• **Data extract**:
************

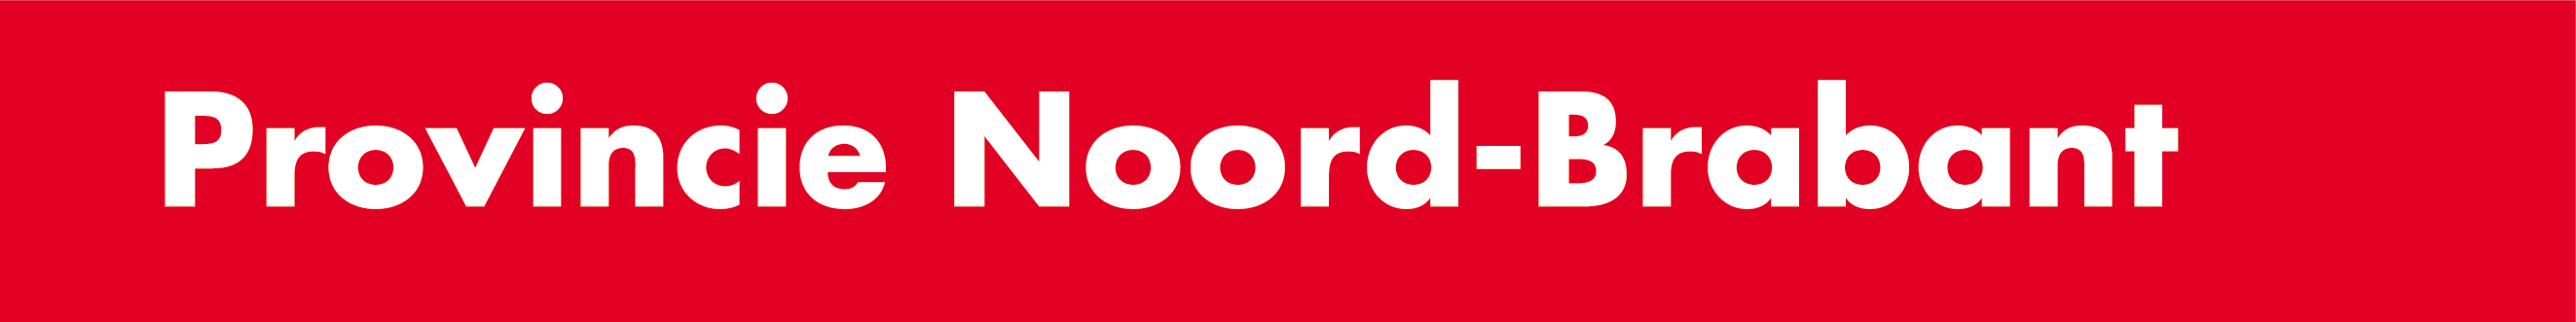 Levendig Brabant 2030 logo
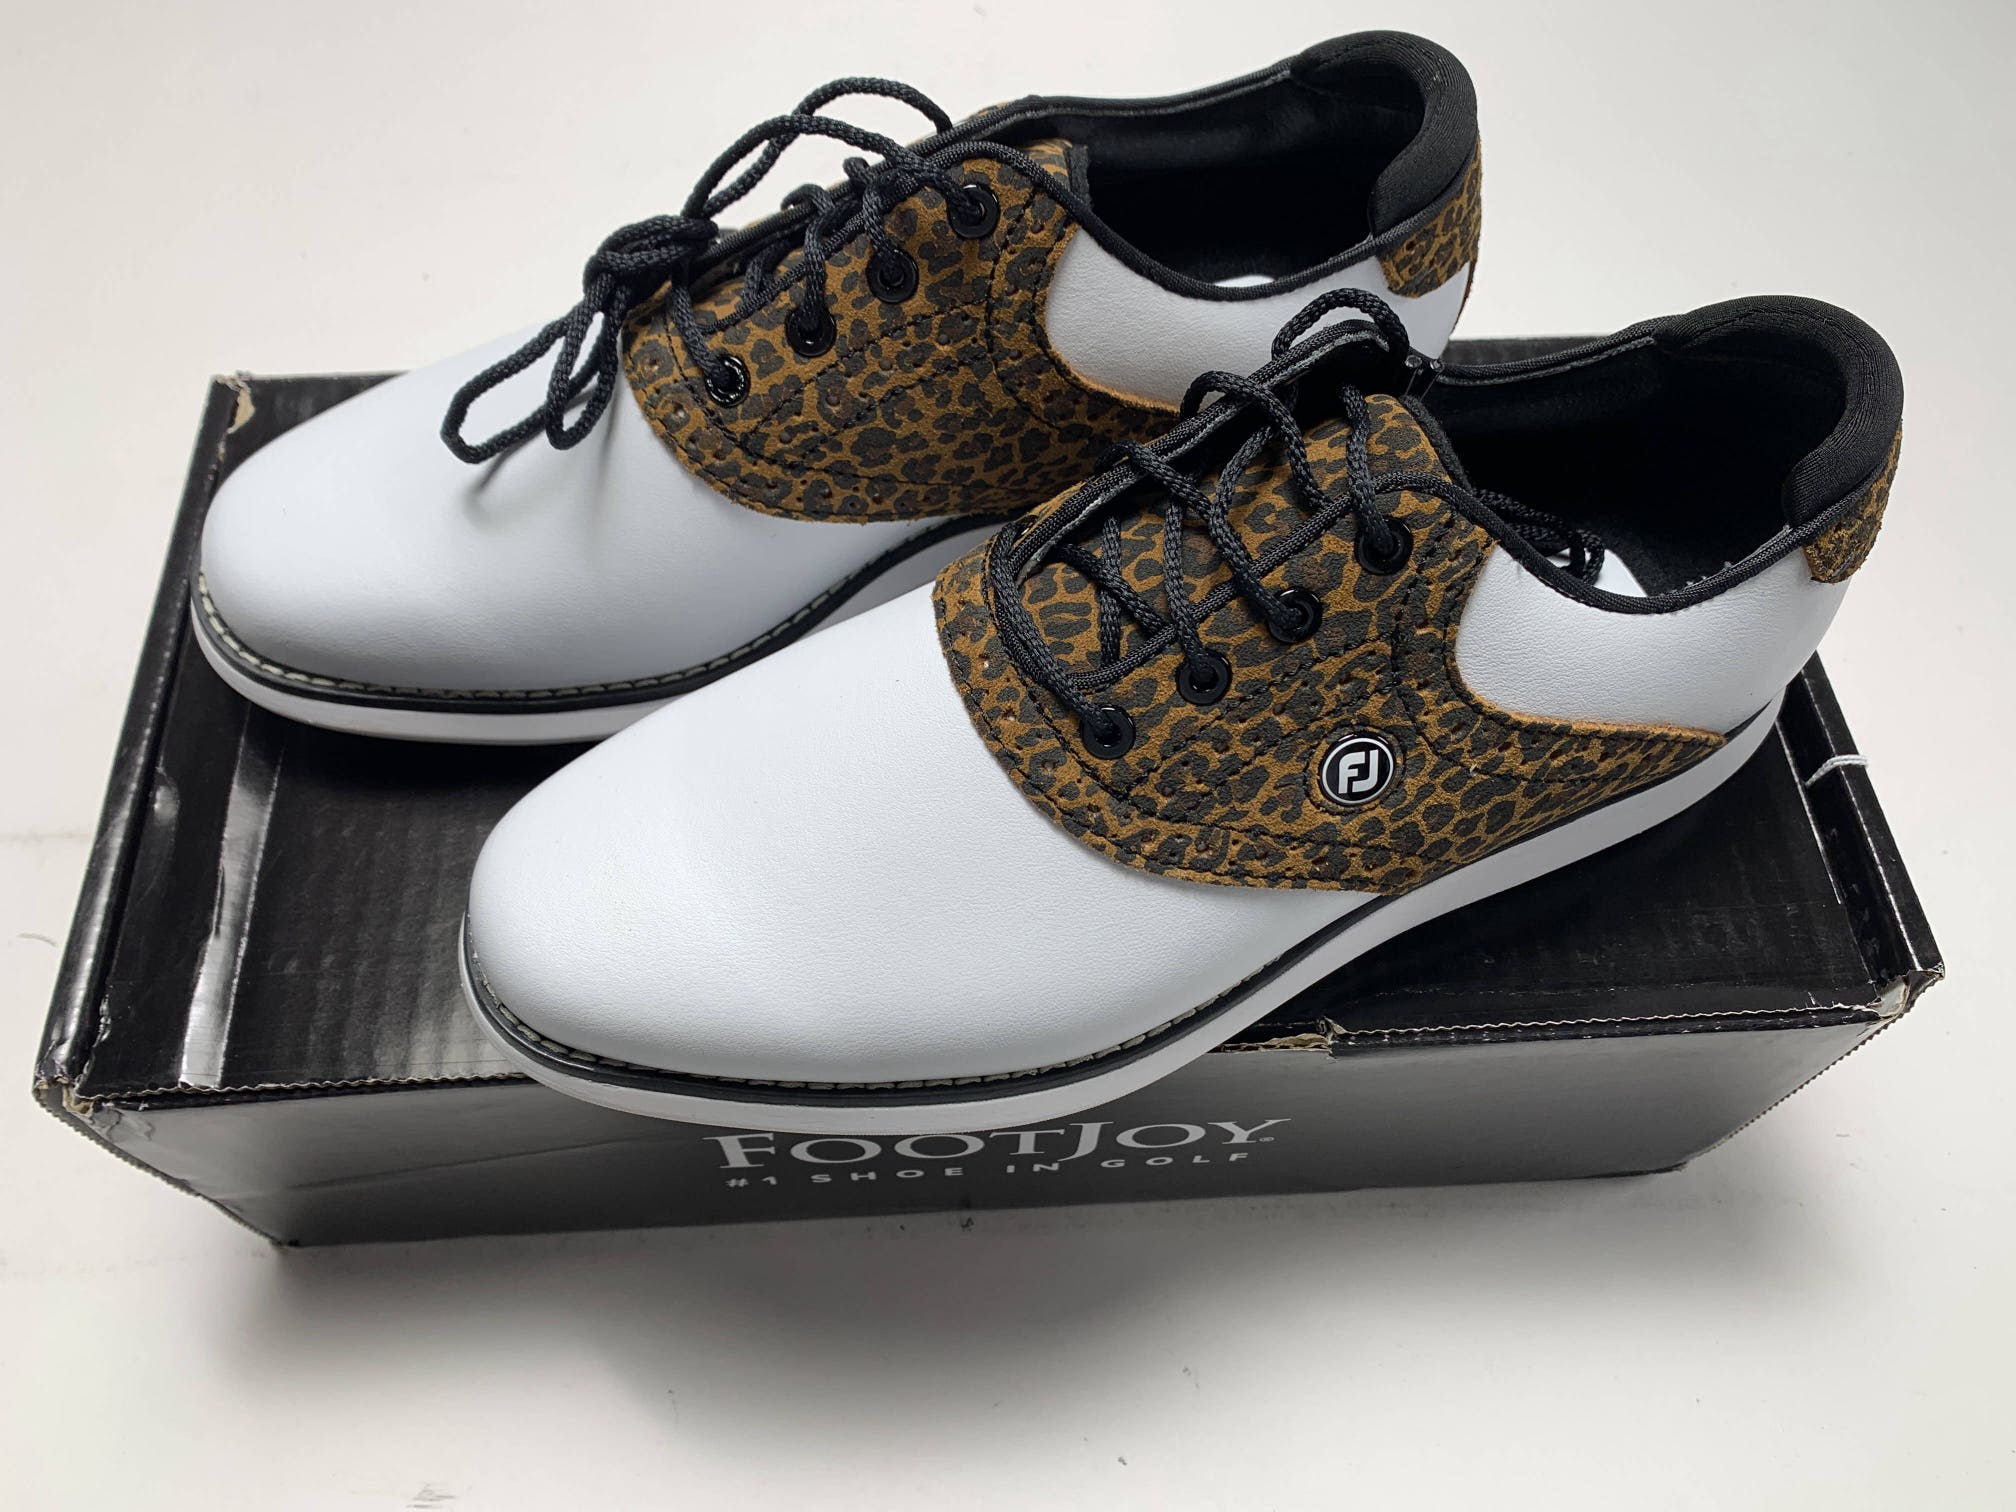 FootJoy FJ Traditions Golf Shoes White Brown Leopard Women's SZ 6.5 (97923)
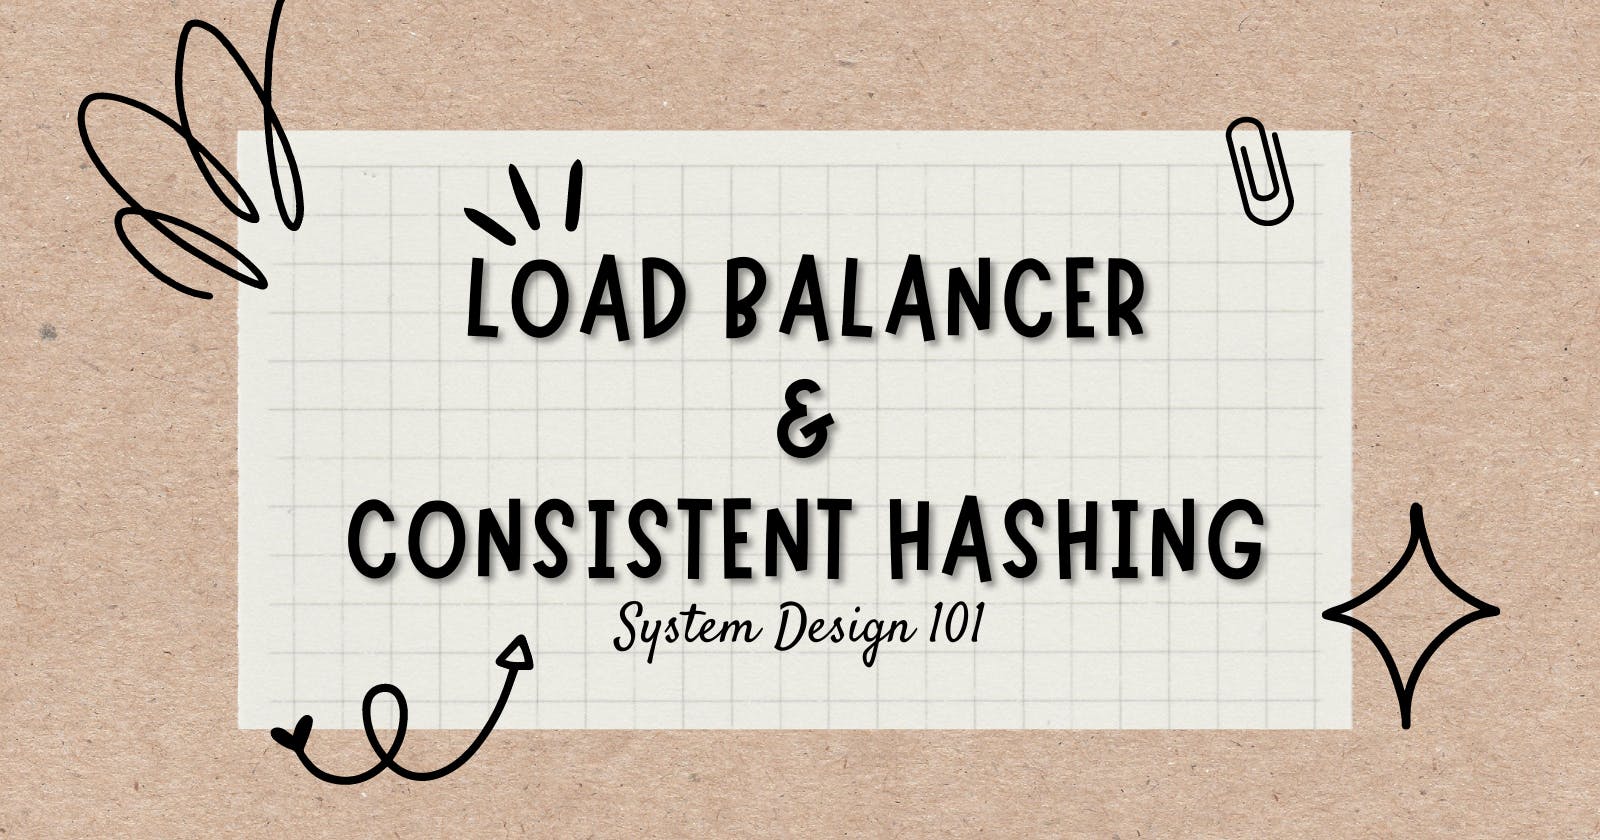 "Maximizing Efficiency: The Integration of Consistent Hashing and Load Balancing"
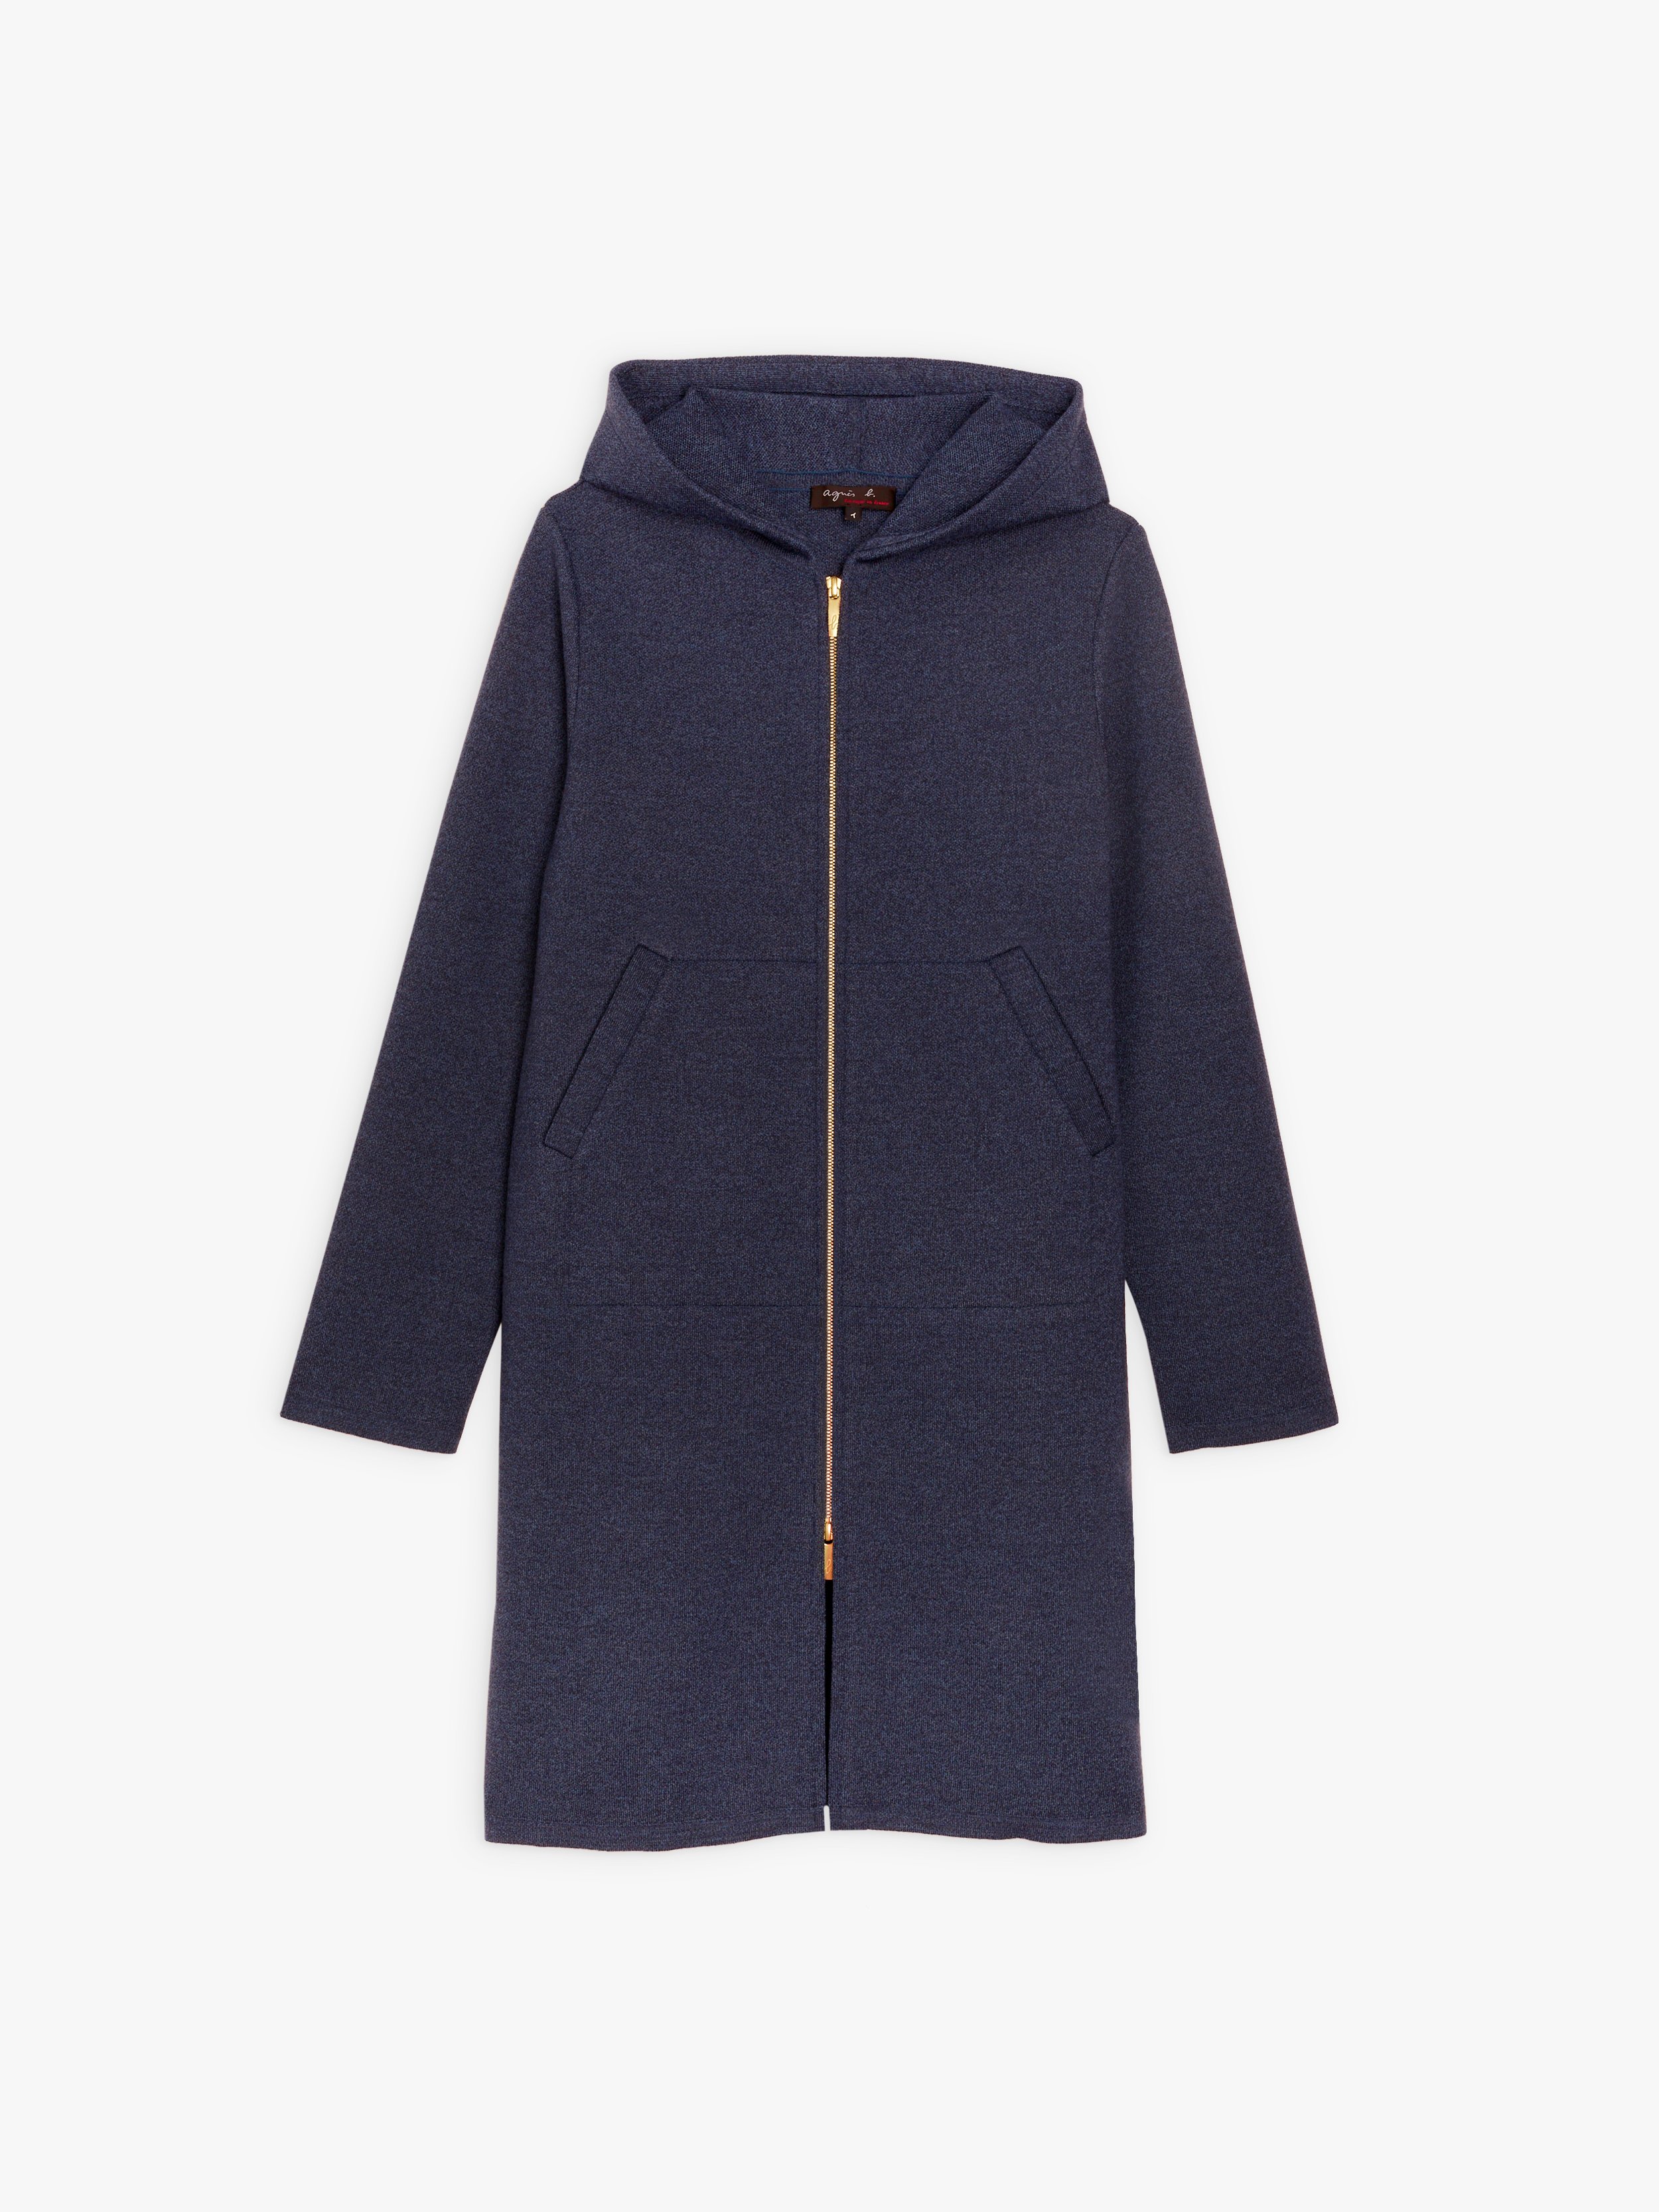 hooded overcoat with zip in merino wool | agnès b.

************

Set down the material again exactly. Don't carry over any pictures.

• **Result**:
 Levendig Brabant 2030 logo
 FootJoy FJ Traditions Golf Shoes White Brown Leopard Women's SZ 6.5 (97923)
 "Maximizing Efficiency: The Integration of Consistent Hashing and Load Balancing"
 hooded overcoat with zip in merino wool | agnès b.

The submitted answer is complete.